The picture that emerges is not a mass migration of an entire people from Mongolia to Hungary. Instead, it appears that a small elite lineage, possibly the remnants of the Northern Xiongnu ruling families, moved westward across the steppe over several centuries, absorbing local populations along the way. By the time they reached Europe, the “Huns” were a genetically mixed group led by people who carried a thread of Xiongnu ancestry. The linguistic evidence pointing to a shared Yeniseian language fits this narrative, suggesting cultural and political continuity even as the genetic makeup of the group changed dramatically through centuries of migration and intermarriage.

What They Left Behind

The major Xiongnu archaeological sites are concentrated in Mongolia, particularly at Noin-Ula in the north and Gol Mod in central Mongolia.
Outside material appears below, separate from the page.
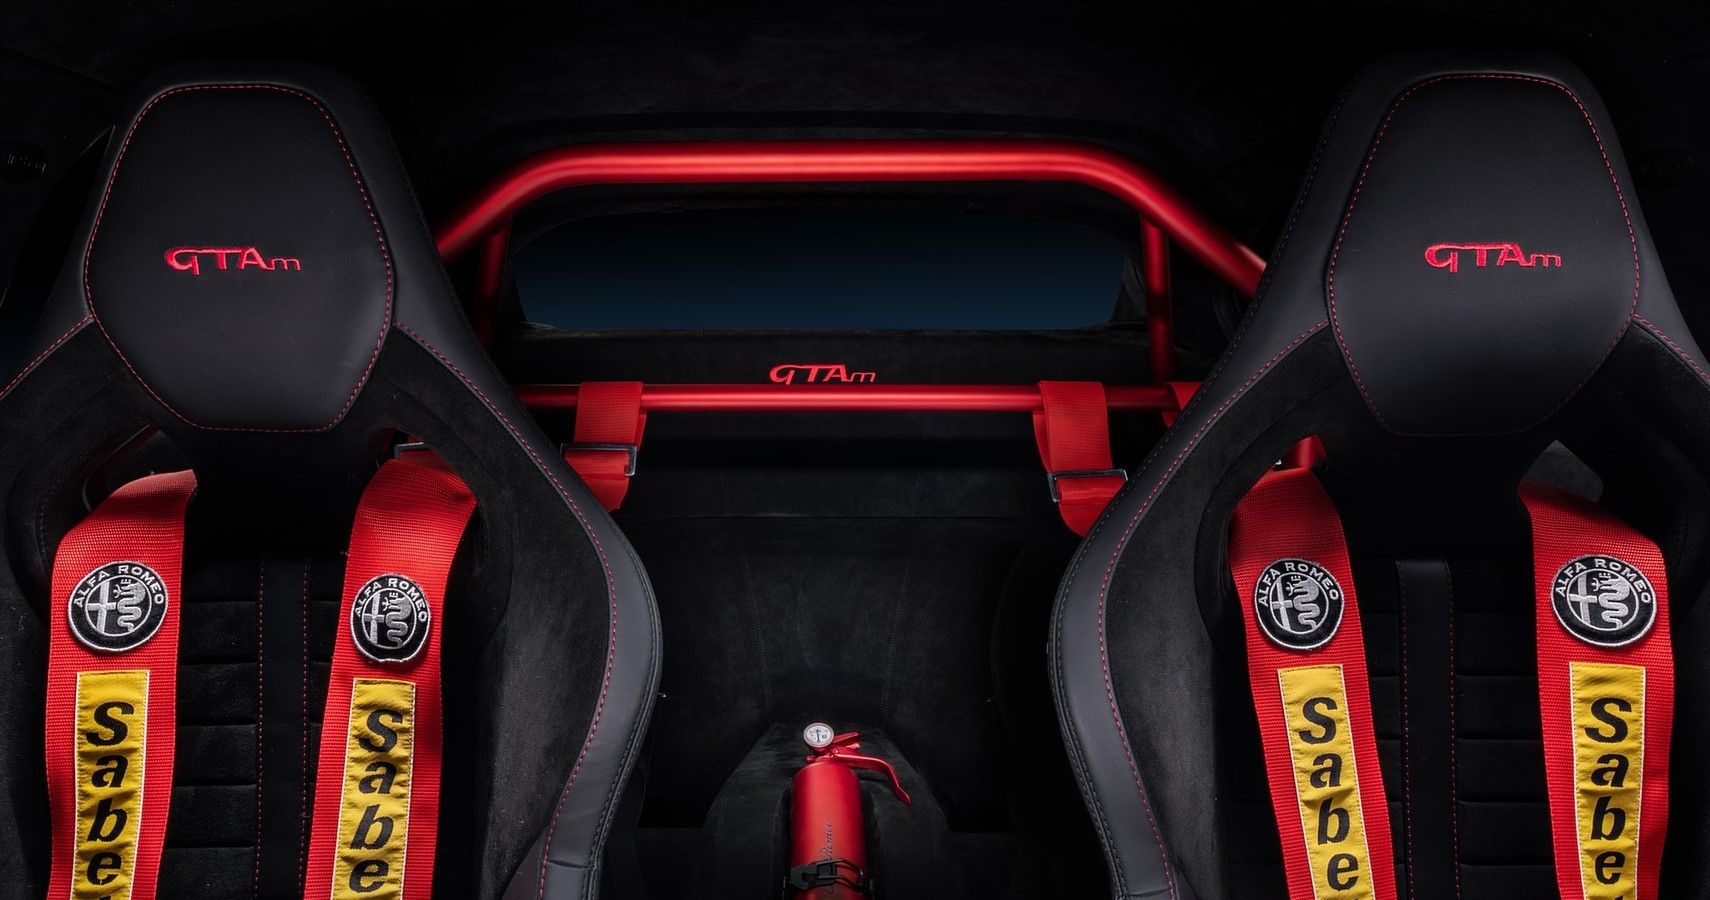 2021 Alfa Romeo Giulia GTAm interior rear view
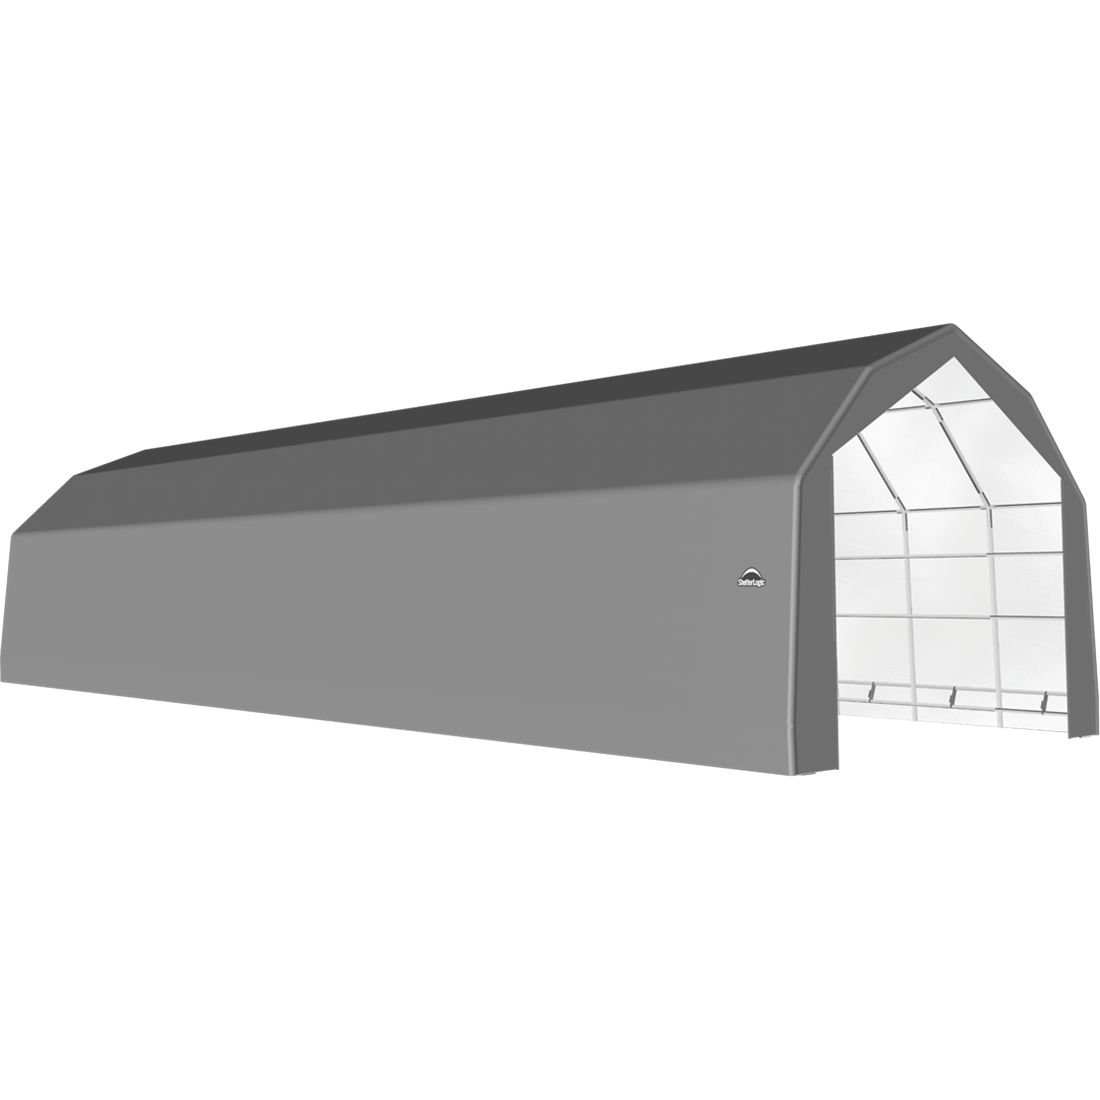 ShelterTech SP Series Barn Shelter, 20 ft. x 60 ft. x 15 ft. Heavy Duty PVC 14.5 oz. Gray

The elite burial mounds at these sites are enormous, sometimes more than 20 meters across, and contain wooden burial chambers sunk deep underground. Grave goods include silk textiles (many of Chinese origin), lacquerware, bronze ornaments, horse gear, and imported goods from as far away as the Mediterranean world. Millet grains appear in nearly every elite tomb, placed there as part of funerary rituals.

These burials reveal a society that was deeply connected to trade networks spanning the entire continent. Roman glass, Greek-influenced metalwork, and Chinese luxury goods all turn up in Xiongnu graves, sometimes in the same tomb. The Xiongnu left no written records of their own, so nearly everything known about their history comes from Chinese sources (primarily the historian Sima Qian) and from what the archaeology can tell us. Despite that limitation, the picture is increasingly clear: the Xiongnu built the first great nomadic empire, pioneered the political model that later steppe empires like the Turks and Mongols would follow, and left genetic and cultural traces that stretched from China to the heart of Europe.